Closed AnuragKr closed 2 years ago
[1,0]:Switch to serial execution due to lack of horovod module.
Can you check import horovod.tensorflow
?
Your horovod may not be built against tensorflow. Please refer horovod's documentation.
I checked import horovod.tensorflow
it's working and I followed all the steps mentioned in the documentation but still I am getting same error.
I am doing it all this in virtual environment hope that is not an issue.
Horovodrun --check-build output -- Horovod v0.24.3:
Available Frameworks: [X] TensorFlow [X] PyTorch [ ] MXNet
Available Controllers: [X] MPI [ ] Gloo
Available Tensor Operations: [X] NCCL [ ] DDL [ ] CCL [X] MPI [ ] Gloo
That's wired. Could you add raise
after the following line?
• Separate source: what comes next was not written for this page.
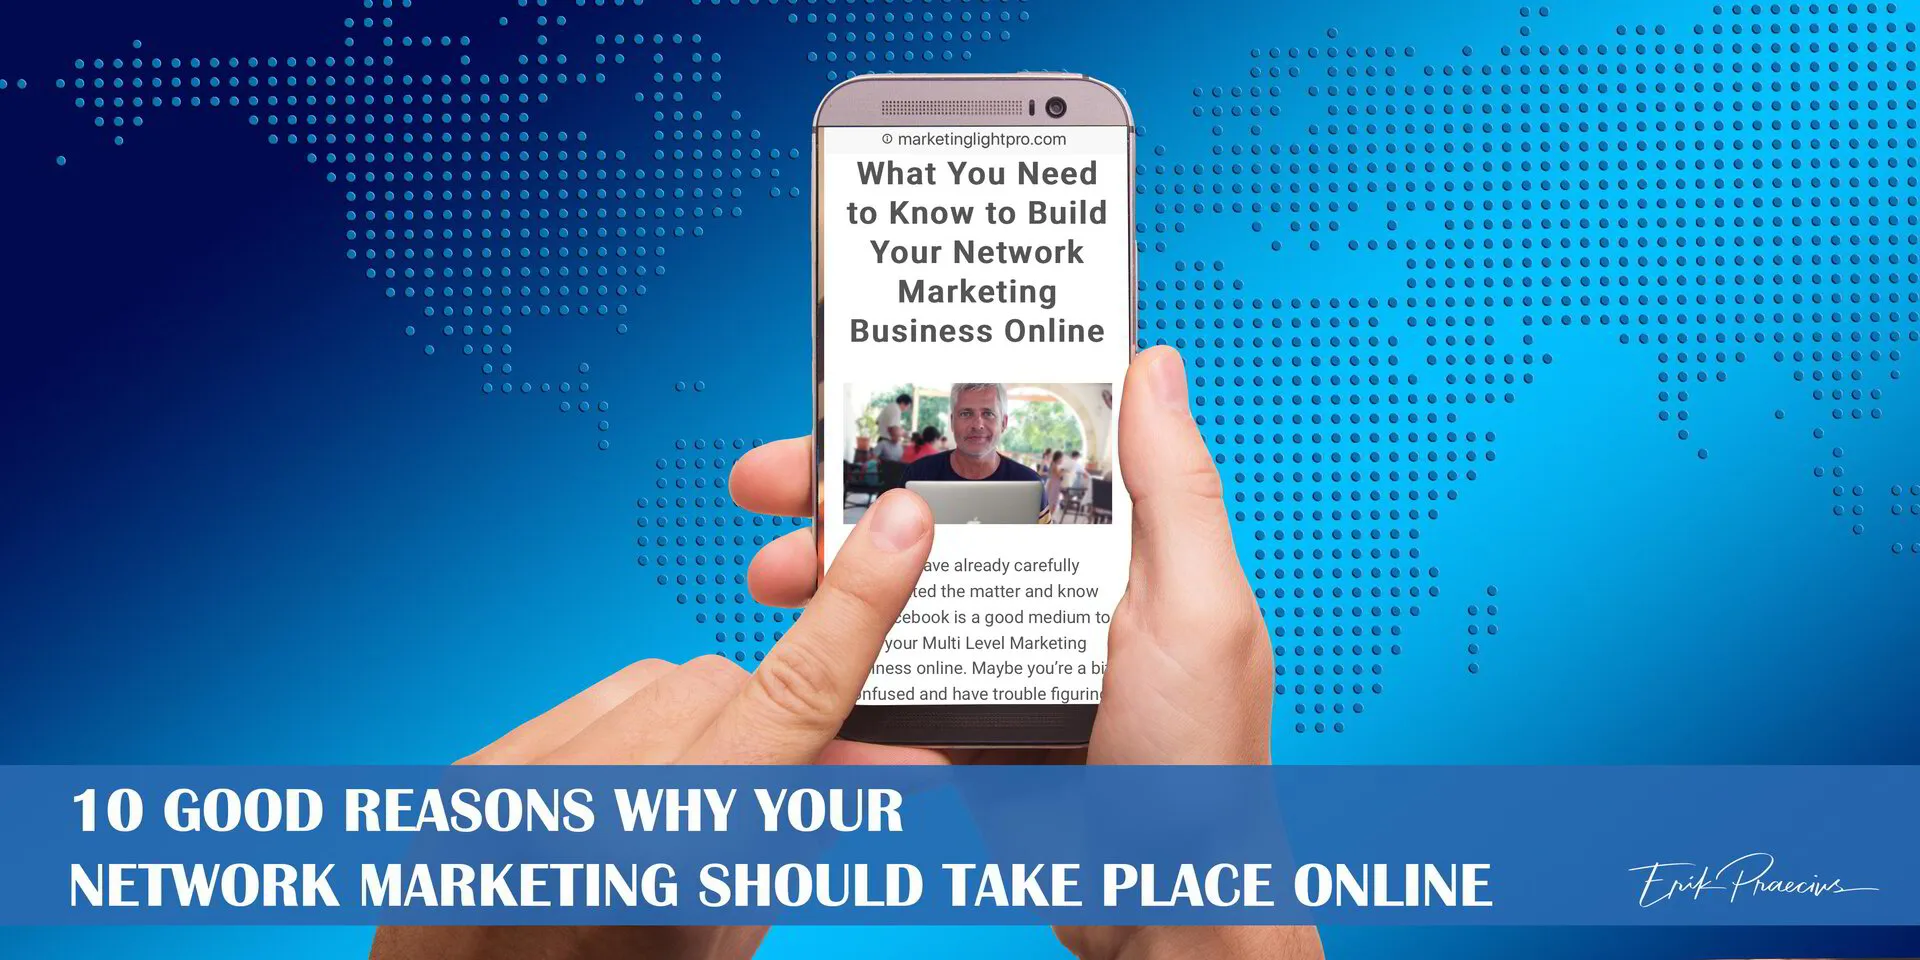 10 Good Reasons Why Your Network Marketing Should Take Place Online

It can help to debug what's the error here.
As I mentioned above I was doing it in a virtual environment now I installed horovod again globally now it is working in virtual environment also.But Now I am getting new error --- Command -- CUDA_VISIBLE_DEVICES=0,1 mpirun -hostfile hostfile -np 2 -x NCCL_DEBUG=INFO dp train --mpi-log=workers input.json Output -- hp-HP-Z8-G4-Workstation:198126:198130 [0] NCCL INFO Bootstrap : Using enp4s0f2:10.128.3.131<0> hp-HP-Z8-G4-Workstation:198126:198130 [0] NCCL INFO NET/Plugin : No plugin found (libnccl-net.so), using internal implementation hp-HP-Z8-G4-Workstation:198126:198130 [0] NCCL INFO Failed to open libibverbs.so[.1] hp-HP-Z8-G4-Workstation:198126:198130 [0] NCCL INFO NET/Socket : Using [0]enp4s0f2:10.128.3.131<0> hp-HP-Z8-G4-Workstation:198126:198130 [0] NCCL INFO Using network Socket NCCL version 2.12.12+cuda11.7 hp-HP-Z8-G4-Workstation:198127:198131 [1] NCCL INFO Bootstrap : Using enp4s0f2:10.128.3.131<0> hp-HP-Z8-G4-Workstation:198127:198131 [1] NCCL INFO NET/Plugin : No plugin found (libnccl-net.so), using internal implementation
hp-HP-Z8-G4-Workstation:198126:198130 [0] init.cc:255 NCCL WARN Cuda failure 'CUDA driver is a stub library' hp-HP-Z8-G4-Workstation:198126:198130 [0] NCCL INFO init.cc:913 -> 1 hp-HP-Z8-G4-Workstation:198126:198130 [0] NCCL INFO init.cc:950 -> 1 hp-HP-Z8-G4-Workstation:198126:198130 [0] NCCL INFO init.cc:963 -> 1 hp-HP-Z8-G4-Workstation:198127:198131 [1] NCCL INFO Failed to open libibverbs.so[.1] hp-HP-Z8-G4-Workstation:198127:198131 [1] NCCL INFO NET/Socket : Using [0]enp4s0f2:10.128.3.131<0> hp-HP-Z8-G4-Workstation:198127:198131 [1] NCCL INFO Using network Socket
hp-HP-Z8-G4-Workstation:198126:198130 [0] init.cc:255 NCCL WARN Cuda failure 'CUDA driver is a stub library' hp-HP-Z8-G4-Workstation:198126:198130 [0] NCCL INFO init.cc:913 -> 1 hp-HP-Z8-G4-Workstation:198126:198130 [0] NCCL INFO init.cc:950 -> 1 hp-HP-Z8-G4-Workstation:198126:198130 [0] NCCL INFO init.cc:963 -> 1
hp-HP-Z8-G4-Workstation:198127:198131 [1] init.cc:255 NCCL WARN Cuda failure 'CUDA driver is a stub library' hp-HP-Z8-G4-Workstation:198127:198131 [1] NCCL INFO init.cc:913 -> 1 hp-HP-Z8-G4-Workstation:198127:198131 [1] NCCL INFO init.cc:950 -> 1 hp-HP-Z8-G4-Workstation:198127:198131 [1] NCCL INFO init.cc:963 -> 1
It looks like your virtual environment does not install NVIDIA driver?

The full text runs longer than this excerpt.